It was every bit as terrifying to tell her as I thought it would be.

Later, I walked from home to go bar-hopping by myself along Broadway. I got incredibly drunk. I remember when I was going up the 3 stairs to my front door, I lost balance and crashed into the evergreen bush.

I had a date setup for the next morning. When I cancelled that morning, she pretended it was okay, but when I told her without additional details that I was on the way to the coroner, she could tell it wasn't a flimsy excuse.

If you can't stand gore, don't look at the car photos.

Brittany was the coroner. She asked my Ex and I if we wanted Scott's clothes. We said, "no". We regretted that. So if you're in this situation, just take it all. You can throw stuff away later, but you can't throw away what you don't have.
Brittany told us where Scott's Honda Fit was, and that we could pick it up next week. Apparently, this was a mistake. We were supposed to wait for JeffCo Sheriffs to officially release it.

March 9th, we setup the cremation at the mortuary.

March 10, we had to pay hundreds of dollars to get his car out of the impound lot.

I drove it to a car wash. There must've been more than a gallon of dried blood. The impression of the muzzle of the gun was still in the seat between where his legs would have been. There was a hole in the ceiling upholstery, but no hole through. The bullet hadn't gone through the hole, and had fallen behind the driver seat where the Sheriff grabbed in for evidence.

It took a whole gallon of hydrogen peroxide to dissolve the blood. Then I unbolted the seat, removed it, and hosed it down at the car wash. I wasn't about to have a stranger clean up my son. This was personal. NOBODY was going to touch this. I'd had the news that he was dead, I had his car, but I hadn't seen him in a week, still hadn't seen the body. The blood was the only real contact I had with him, at this point. He loved his Honda Fit.

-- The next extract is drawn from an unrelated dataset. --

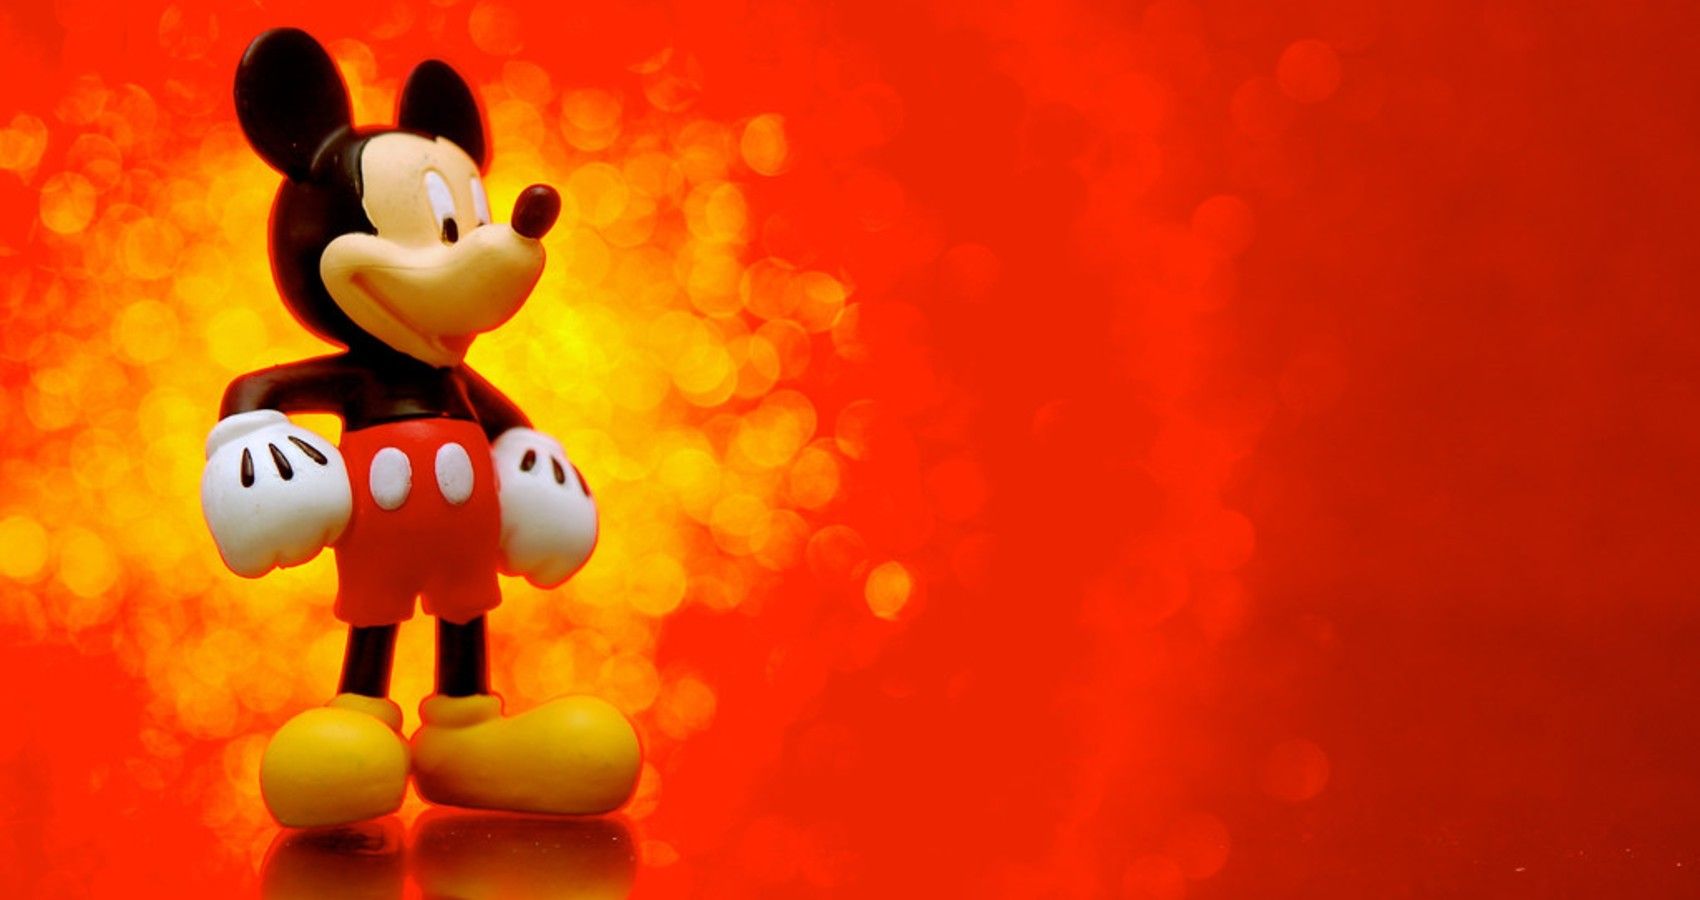 A mickey mouse on a red background

A small part of me breathed a sigh of relief, and I felt guilty about it. I was so scared something might happen, and felt so much stress over it.
I didn't feel much guilt for the first many months. How could I? I wasn't in-the-loop! Neither Scott nor his mother told me a damn thing until it was too late! But after about four months, I started to remember all sorts of things I could have/should have done differently. My parents beat me so incessantly as I grew up, from the time I was about 2 until about 12 or 13, my body was never without purple marks from beatings. My brothers and sister blamed me for everything they did, so that they wouldn't receive these overly harsh punishments. So I was beaten five times more than I should. No, more - They would beat me for doing things I didn't do, then beat me extra for lying that I didn't do them. Scott never had to put up with that. He was a good person, and we treated him with respect, without spoiling him.
He never had the reasons to die that I had, so I couldn't understand how and why he would feel so bad. I did a much better job of raising him than my parents, so I figured that was good enough. I guess it wasn't, huh?